Our self-meaning has the power to shape our daily lives, often functioning unconsciously. It impacts us without us even knowing it. When emotionally or experientially activated, it profoundly influences how we interact with others and the world around us. Because of this, self-meaning remains virtually untouchable by traditional therapies. It’s powerful, pervasive, and often remains hidden in the depths of our unconscious.
Through all of this, Dr. Ignacio and Dr. Taylor realized that they needed a new approach to work effectively with trauma. This new approach had to be able to address the negative self-meaning that we all carry, the lie that says, “I am not good enough, I’m unlovable, I don’t matter, I’m worthless.”
Dr. Ignacio and Dr. Taylor also recognized that this new approach needed to allow for a resetting of who we are, based on truth—not the lies we’ve internalized through trauma.
But they knew that to access the unconscious, this new approach would need to bypass defense mechanisms—those mechanisms that protect us from facing painful negative self-meanings. And importantly, Dr. Ignacio and Dr. Taylor wanted this approach to seamlessly blend with the natural therapeutic process, complementing any theoretical model that a therapist might use.
That’s how Self-Meaning Based Therapy (SMBT) was born. SMBT is an integrated and comprehensive treatment model, grounded in psychoanalytic, humanistic, and family systems theory. It strategically incorporates the effectiveness of bilateral stimulation, which enables us to create profound and lasting change.
In SMBT, the core self-meaning becomes the focus. We target that early adaptive “lie” that was never true but was learned during childhood. With SMBT, therapists help patients dismantle this false self-meaning, which no longer serves them, and reset it based on truth.
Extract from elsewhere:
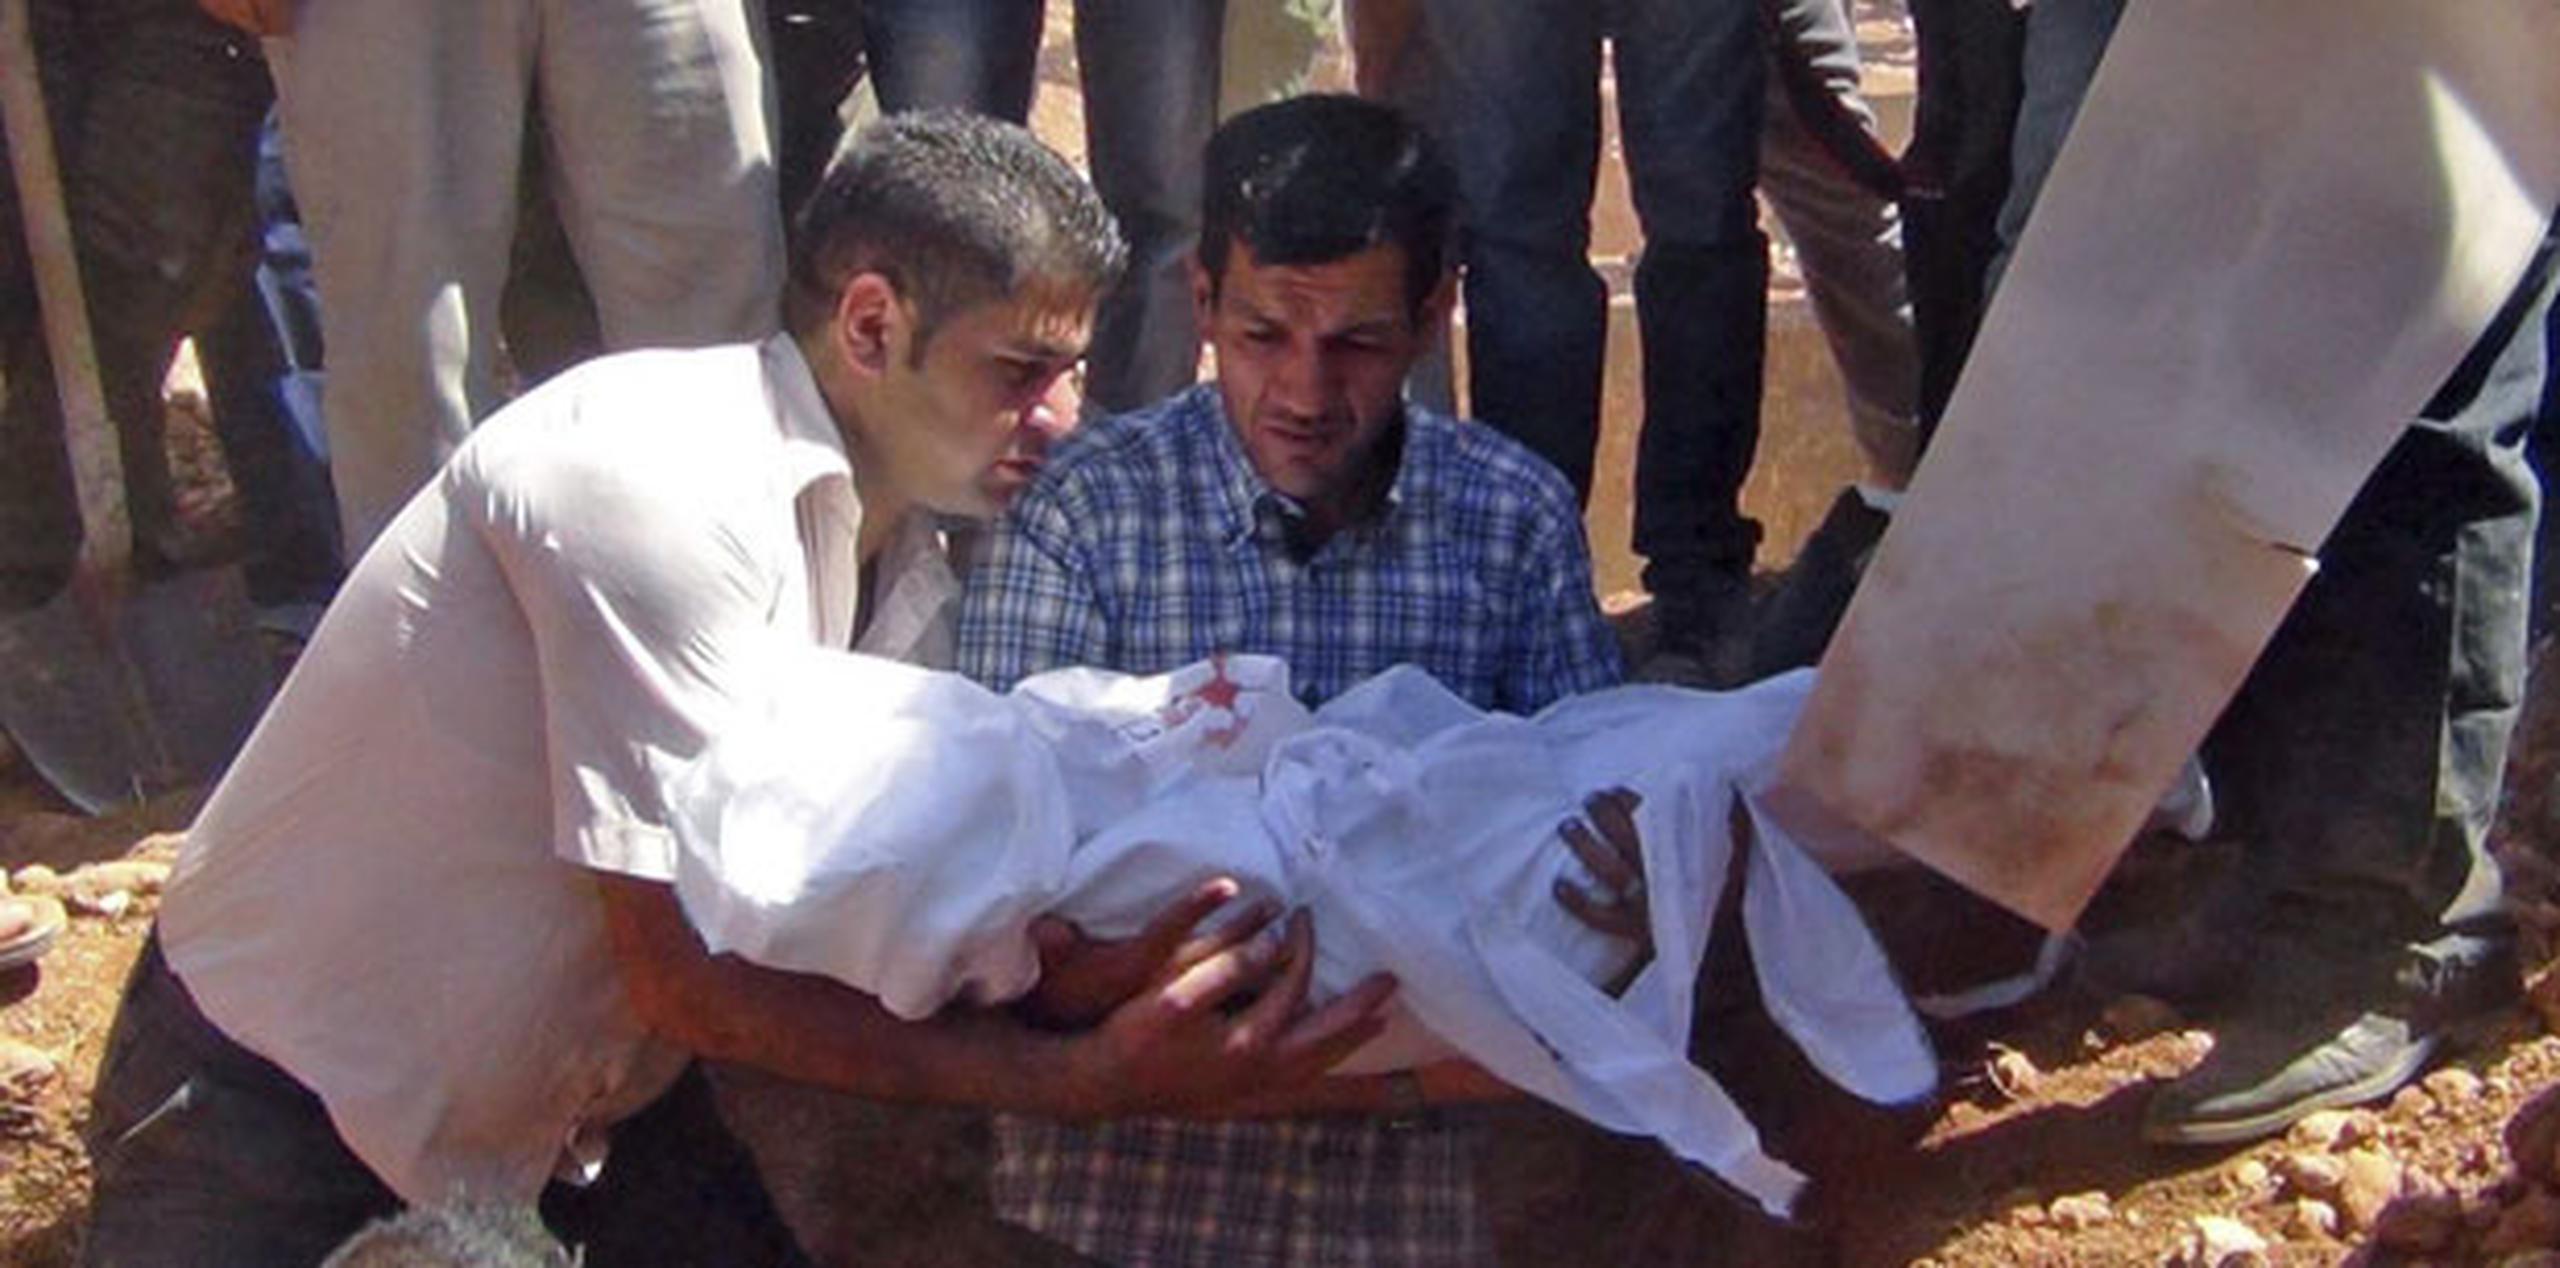 Abdulá Kurdi (centro), padre de Aylan Kurdi, el niño sirio-kurdo de tres años, durante el entierro de su hijo en Kobani, Siria. (EFE/Dicle News Agency)

Rather than simply teaching patients to manage the unconscious effects of their core self-meaning using traditional best practices, SMBT allows for a complete dismantling of the negative self-meaning, freeing the patient from its grip.
Through this transformative process, patients can reconnect with their true selves, experience psychological freedom, and begin to actualize their fullest potential. It’s like the hole in the sidewalk is simply gone—no more hole. It’s been healed.
Dr. Ignacio and Dr. Taylor have witnessed this process over and over with their patients: SMBT enables them to not just manage but truly dismantle their negative self-meanings. It provides an opportunity to reconnect with who they are—resetting their lives and their sense of self.